"The Rain (Supa Dupa Fly)" is the debut solo single by American rapper Missy "Misdemeanor" Elliott. It was written and composed by Don Bryant, Bernard "Bernie" Miller, Elliott, and producer Timbaland for her debut album Supa Dupa Fly (1997) and contains a sample of Ann Peebles' 1973 single "I Can't Stand the Rain", whose lyrics serve as the chorus.

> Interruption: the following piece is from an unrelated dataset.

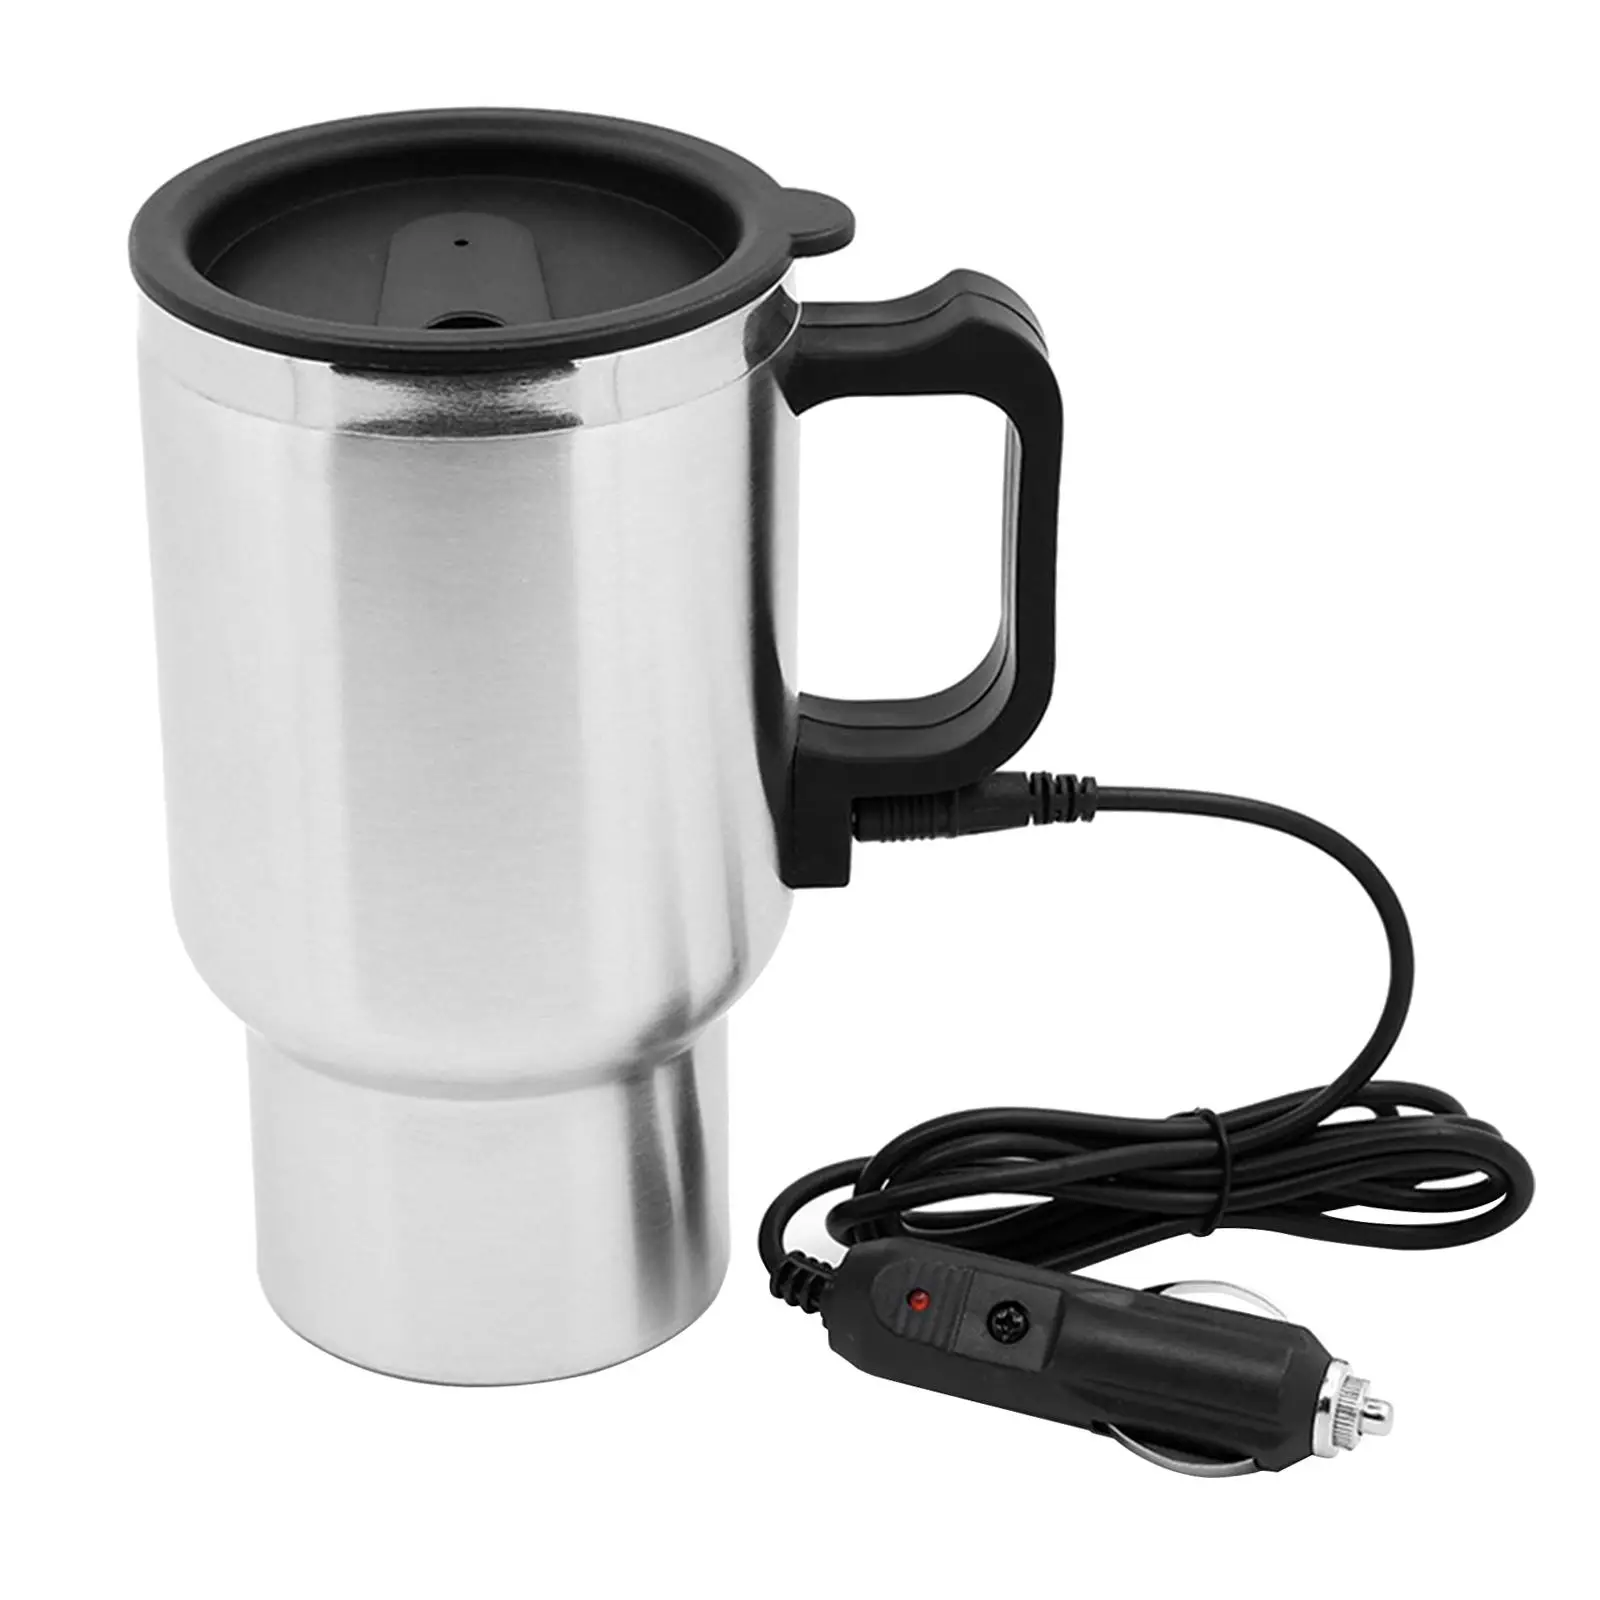 Car Heating Cup 500ml Heater Coffee Cup for Tea Milk Heating Water Cars Trucks

The song was released to US radio stations on May 20, 1997, and the Hype Williams-directed video was released to video shows starting June 3, 1997. The song entered the Hot R&B Airplay chart in mid-June, and peaked at number 6 the week of August 9, 1997. It peaked at number 51 on the Hot 100 Airplay chart the following week. It was released as the album's lead single on July 2, 1997, and reached the top twenty in the United Kingdom and New Zealand. The song's moans are used as a sample in Method Man & Redman's "The ?"

Critical reception
Larry Flick from Billboard wrote, "Elliott commits more than a misdemeanor with her first solo single, "The Rain". Having scored a handful of hits writing and producing for such acts as Aaliyah, 702, SWV and Ginuwine, Elliott attempts to hide the fact that she was lazy with her own lyrics and depended on a Timbaland beat to save her. The result is a little of her infamous wordplay atop an ineffectual bass, snare, and drum beat. One can only hope that she puts more time and effort into her upcoming album, "Hit 'Em With The Heat", as we don't want to see such a rising star burn out so fast." VH1 ranked the song 99th on VH1's 100 Greatest Songs of the '90s. In 2010 Pitchfork Media included the song at number 33 on their Top 200 Tracks of the 90s. In 2000, "The Rain (Supa Dupa Fly)" was named the fourth-best single of 1997 by The Village Voices annual-year end Pazz & Jop critics' poll. In 2021, it was listed at No. 453 on Rolling Stone's 500 Greatest Songs of All Time.

Music video
The breakout music video for the song was the first of Missy's career directed by Hype Williams. The video was designed by Ron Norsworthy.  The most notable aspect of the video is the patent leather blow up suit, which resembles an inflated trash bag that Missy wears during a fisheye lens shot. Timbaland, Tamara Johnson-George of SWV, Yo-Yo, Lil' Kim, Total, 702, Da Brat, Lil' Cease, and Sean Combs all make cameos. The video was nominated for Best Rap Video at the 1997 MTV Video Music Awards but lost to The Notorious B.I.G.'s "Hypnotize".

Legacy
The song was used in a 2016 Coca-Cola commercial featuring professional golfer Jordan Spieth. At the 2019 MTV Video Music Awards, Elliot performed a medley of her songs, including "The Rain (Supa Dupa Fly)".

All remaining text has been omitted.